Writer: Alan Bennett
Director: Florence Carr-Jones
History and performance merge in Alan Bennett’s The History Boys as a group of grammar school boys in Sheffield take extra lessons in manipulating and contorting history in order to pass their Oxbridge entry test and interview. Glassroom Company offers up a slightly cramped and chaotic production at the Old Red Lion Theatre that underplays the sexual abuse of teenagers groped by one of their teachers but emphasises Bennett’s still shining script.
The History Boys is an examination and celebration of different forms of intelligence; the traditional school learning that helps pupils pass standard exams, and the cultural and social, literary education, the knowledge of everything from Now Voyager and twentieth-century poets to pop music and Carry On films that underpin real, eclectic appreciation and substance. In Florence Carr-Jones’s production, this direct comparison between the methods of teachers Hector and Irwin is clear, and the side-by-side that Bennett presents feels intimate in the small Old Red Lion space as these minds of impressionable young adults are shaped by their devotion to older, seemingly wiser men.
Carr-Jones’ approach is largely representative, a central platform which becomes the classrooms, corridors and offices in which Bennett’s expansive tale takes place. Yet, with a full house and a dozen cast members, some of the character clarity is lost, especially over the extended 2-hour and 45-minute running time. The camaraderie of the boys is well played but other than the sexually rapacious but perhaps not charismatic enough Dakin (Jake Dove) and his devotee Posner (Jack Calver), the rest of the class feel less well defined than previous productions, a melee of rowdy male voices all delivering the writer’s sharp lines but never individually distinct enough to invest in separately – here they all just sound like Bennett.
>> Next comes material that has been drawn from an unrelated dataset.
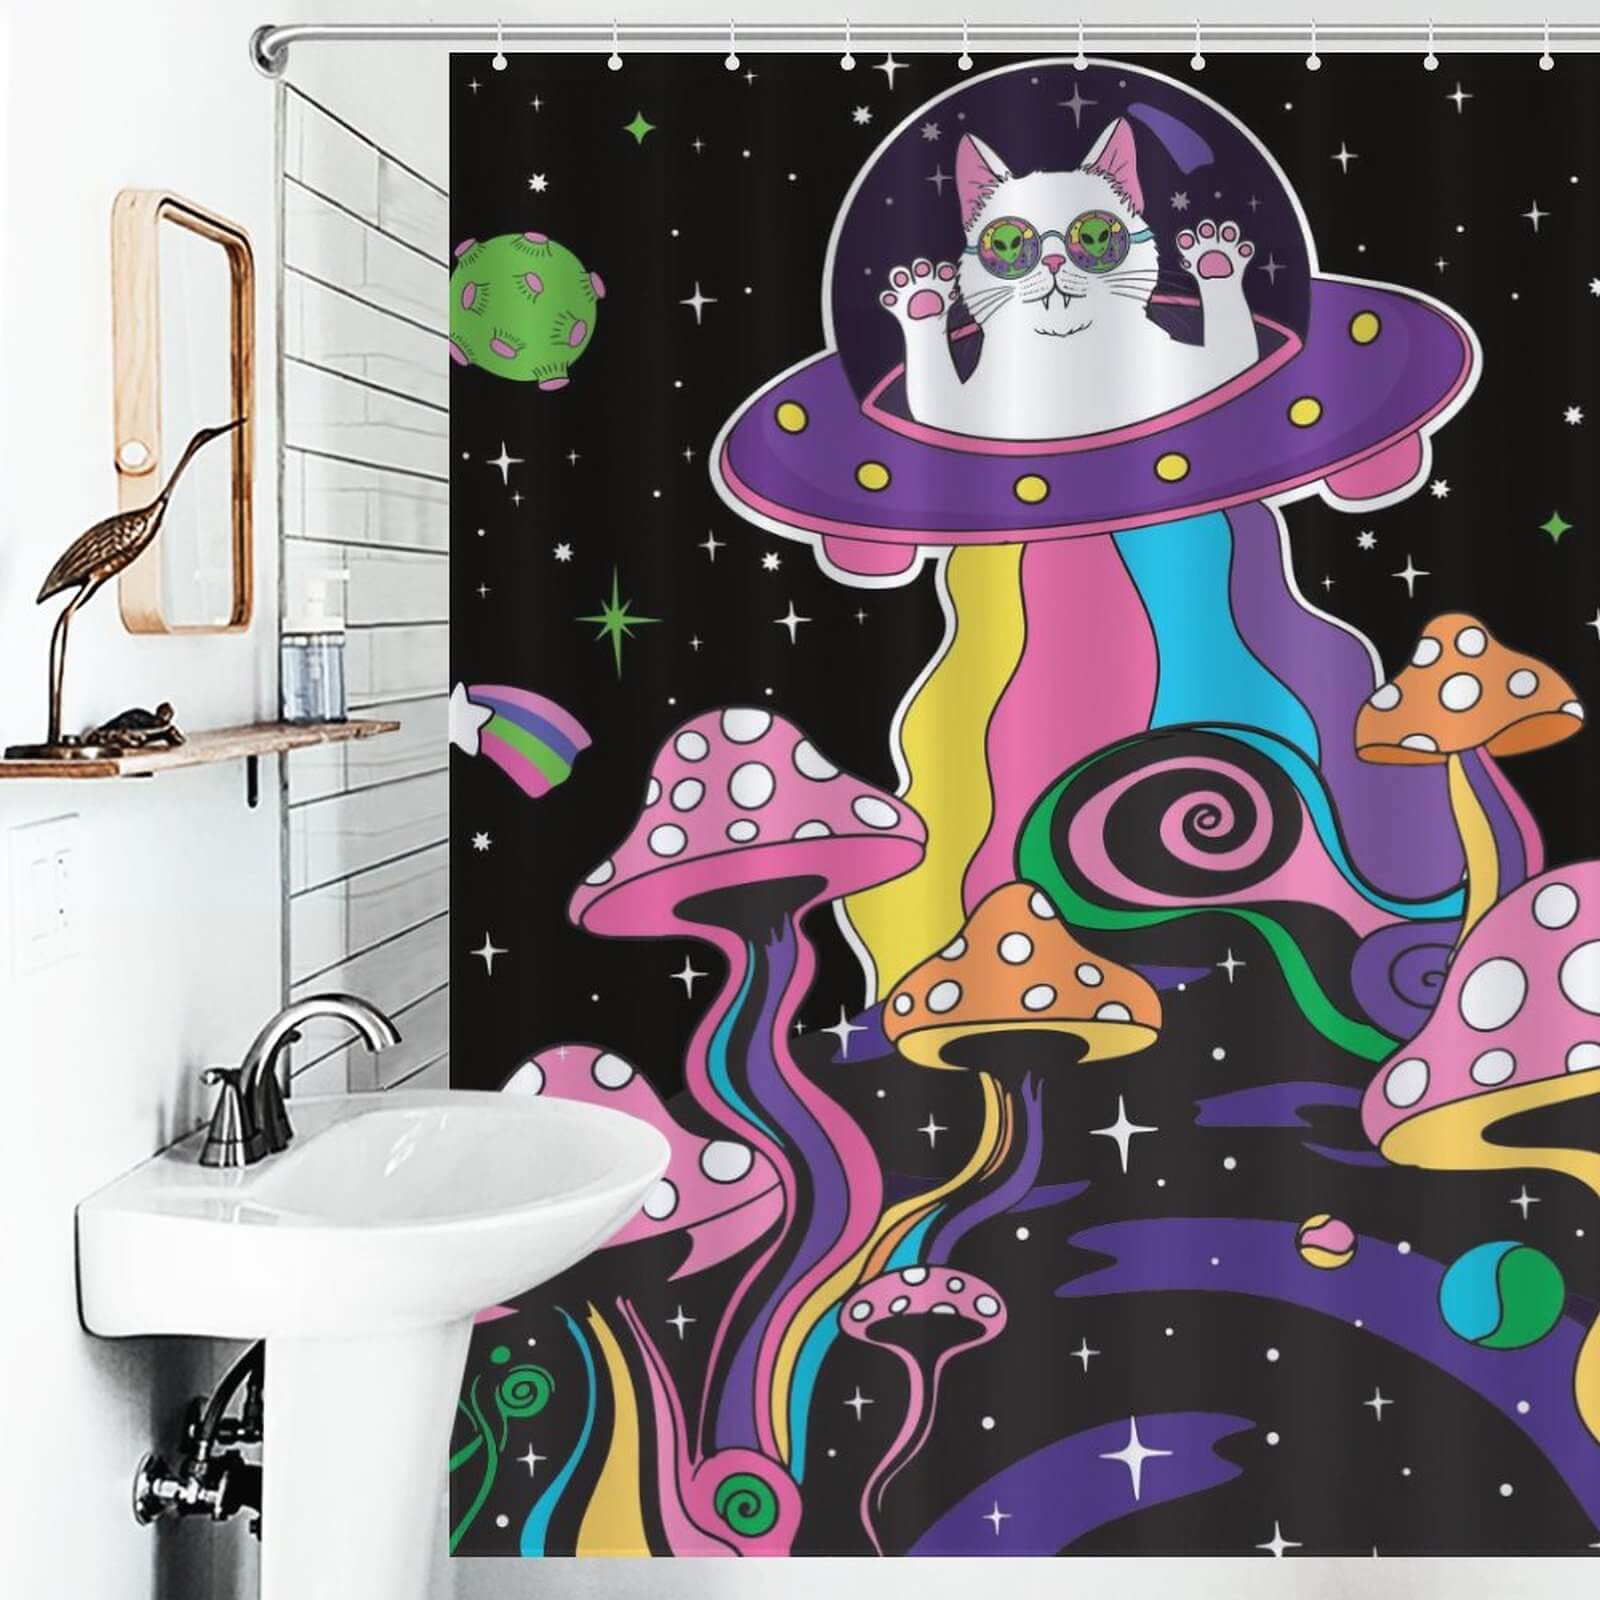 Add a touch of humor to your bathroom with this Mushroom Trippy Shower Curtain-Cottoncat from the Cotton Cat brand, featuring a cat in a spaceship.

Ultimately, Glassroom Company need a little more space to deliver the combination of physical theatre, music and narrative, and as the cast charge about the interpretation does feel restrained in every sense. This is most notable in the interpretation of Hector, performed by Duncan Hess as a muted, bumbling figure, lacking the eccentric charisma that makes him a favourite with the boys. Times have changed since the play was written but this production chooses not to engage with Hector’s predatory side, the potential danger he might pose and while Bennett’s story plays out as written, the implication of his physical abuse become only words, never evident in the glee the character might express in the presence of his attentive pupils or the physical proximity he would certainly insist on.
Carr-Jones’ production is far more successful in its casting of Irwin, the radical thinker whose different but no less persuasive influence grows on the boys and the audience as the weeks of cramming unfold. Leonardo Shaw is a notable Irwin, plagued by his own self-consciousness but adept at turning history on its head, so the scenes discussing new approaches to clichéd questions are some of the best. The extent to which Irwin also starts to compromise himself as he becomes attached to his charges is also well developed, as his methods earn their adoration while creating considerable conflict in himself.
The History Boys remains one of Bennett’s finest pieces of writing, and Glassroom Company largely do it justice, but more than two decades after it first appeared, productions do need to engage more with the ambiguous and formative teacher-pupil relationships that it presents.